Через какое-то время он стал нам писать, а мы ему регулярно отвечали и сообщали обо всех наших делах, плохих и хороших и обо всех неурядицах аккуратно и подробно. В конце 1941 года письма от него перестали приходить. Мы продолжали писать ему по последнему адресу – номеру полевой почты, но ответа не было.

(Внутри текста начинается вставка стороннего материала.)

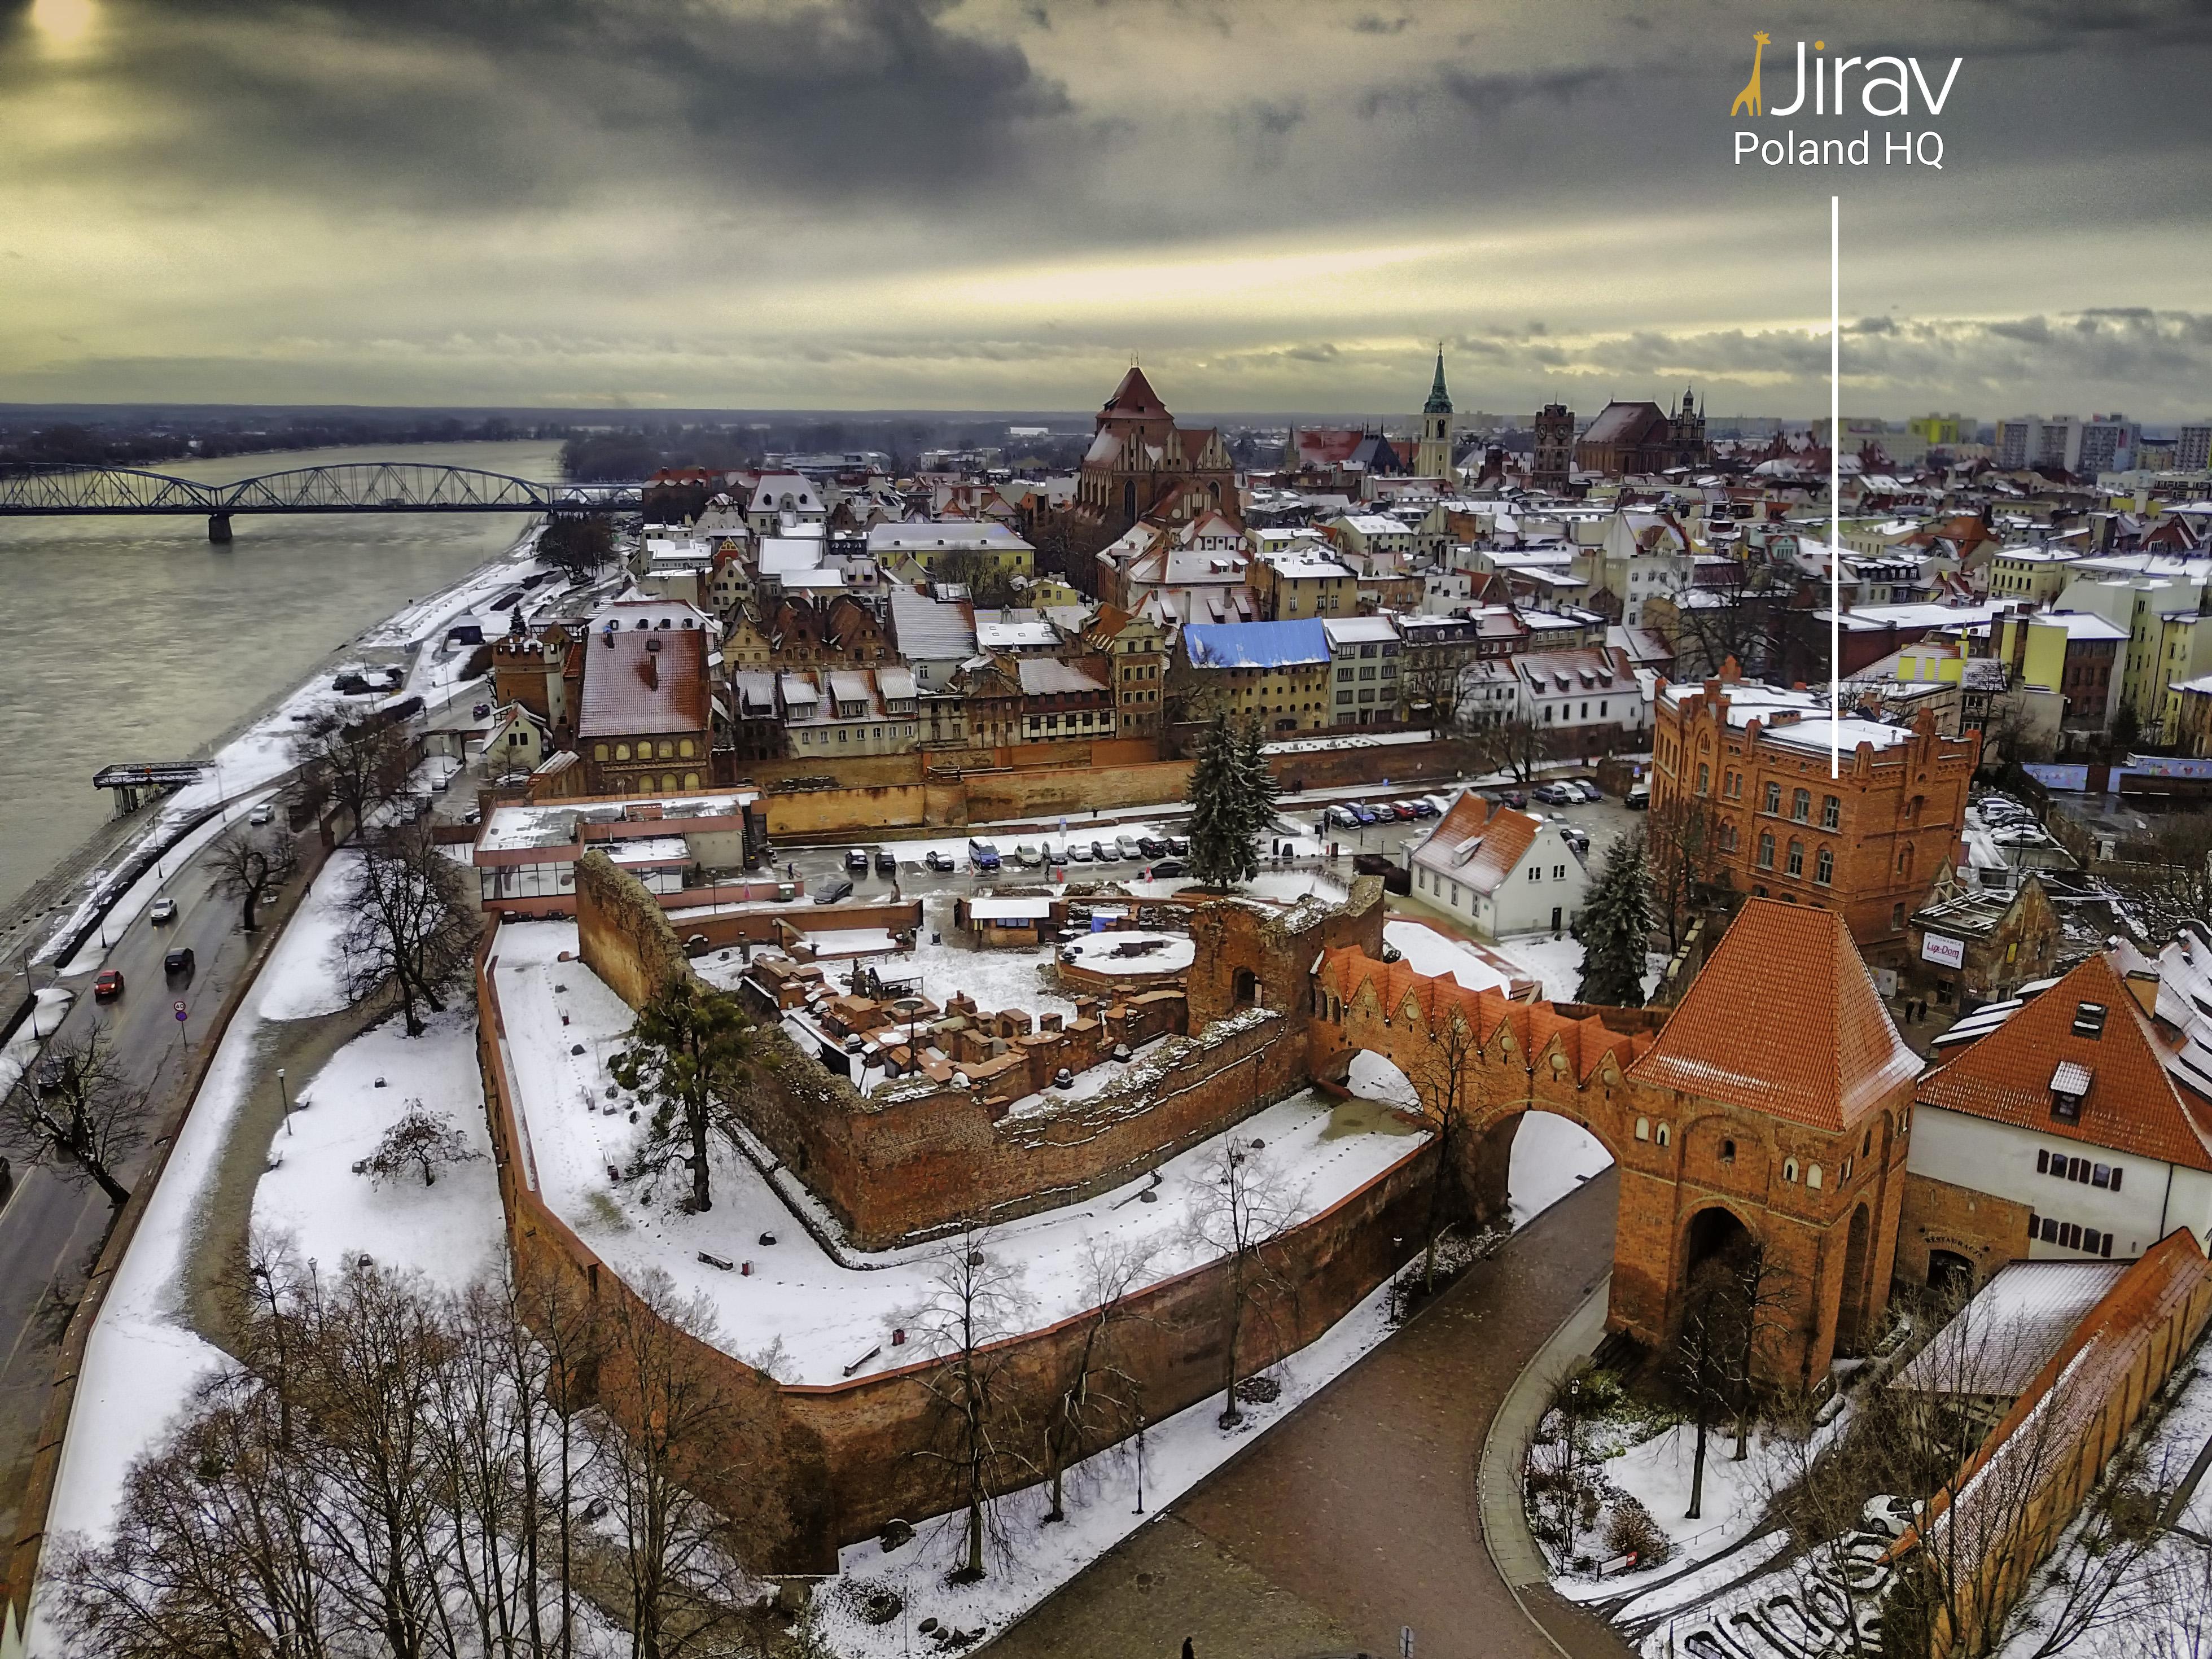 Jirav-Poland-HQ.jpg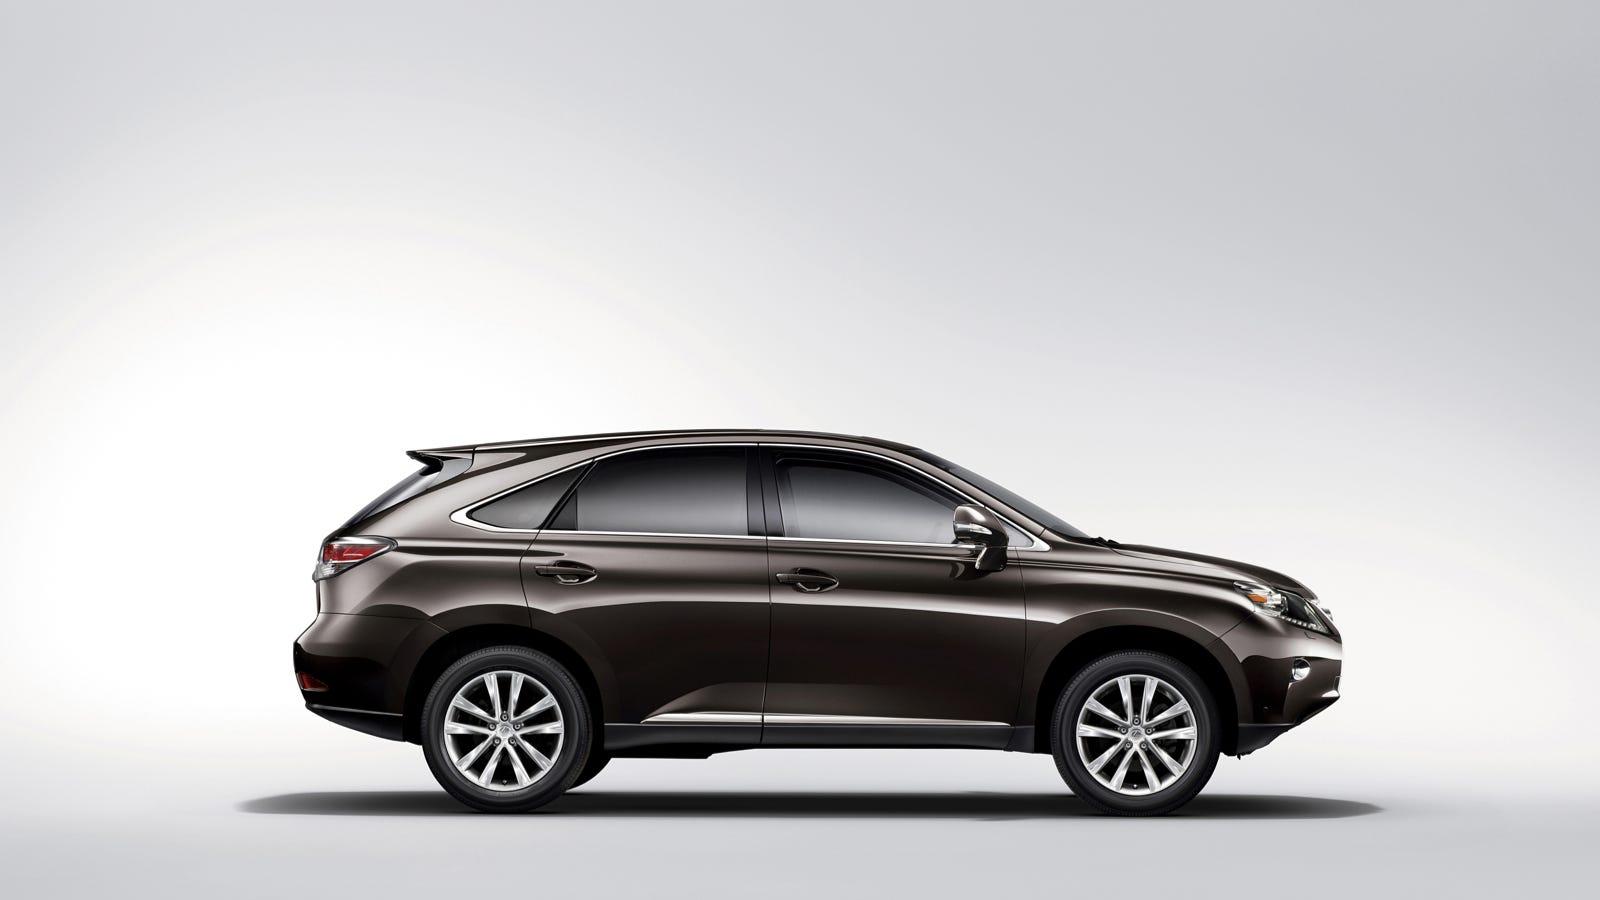 2014 Lexus RX 350 Demonstrates How Lexus Created Then

Мать плакала и ругалась и постоянно обвиняла меня в том, что я неправильно написал адрес и номер полевой почты на конверте, и заставляла меня под свою диктовку писать письма снова и снова. Сама писать она толком не умела, так как образование её было два класса церковно – приходской школы. На наши письма ответа не было, так как мы посылали их в пустое пространство. Мать злилась, наказывала меня ремнём или кнутом за якобы неправильно написанный адрес. В результате мы все трое ревём навзрыд хором: мать, не получающая известий от отца, я, как несправедливо наказанный, и двухлетняя Вера, о которой мы забыли и не уделяли ей должного внимания. Тяжко и горько, как будто какое-то проклятие свалилось на наши головы.

Я понял, что отца у нас не стало. Если бы он был жив, то проявил бы инициативу и нашел способ сообщить нам о себе.

Мать жила и воспитывалась в большой семье, где было четыре дочери и два брата. Их отец и мать работали много, не жалея себя, и жёстко приучали всех детей к любому делу и к любой работе и всех заставляли заниматься посильной работой, невзирая на возраст. Ждать милости от природы и властей предержащих было напрасно. Власти не помогали, а наоборот, не участвуя в крестьянской работе, стремились забирать от крестьян побольше. Летом занимались полевыми работами, используя полностью каждый световой день в течение весны, лета и осени. Надо было выращивать урожай зерновых, овощей, технических культур – льна, конопли и заготавливать достаточное количество кормов для содержания скота в зимнее время. Кроме того, надо заготовить достаточно дров для отопления своего домашнего хозяйства, и собрать в лесу грибы, ягоды, съедобные травы и коренья. В большой семье надо всех накормить досыта так, чтобы все были работоспособны, а также одеть и обуть пусть в домотканые одежды и обувь – лапти, валенки, которые изготовлялись на месте, дома. Зимой всех детей также учили толково и производительно в тех условиях работать – прясть пряжу, ткать льняное полотно, плести лапти, ремонтировать валенки, одежду, ухаживать за скотом.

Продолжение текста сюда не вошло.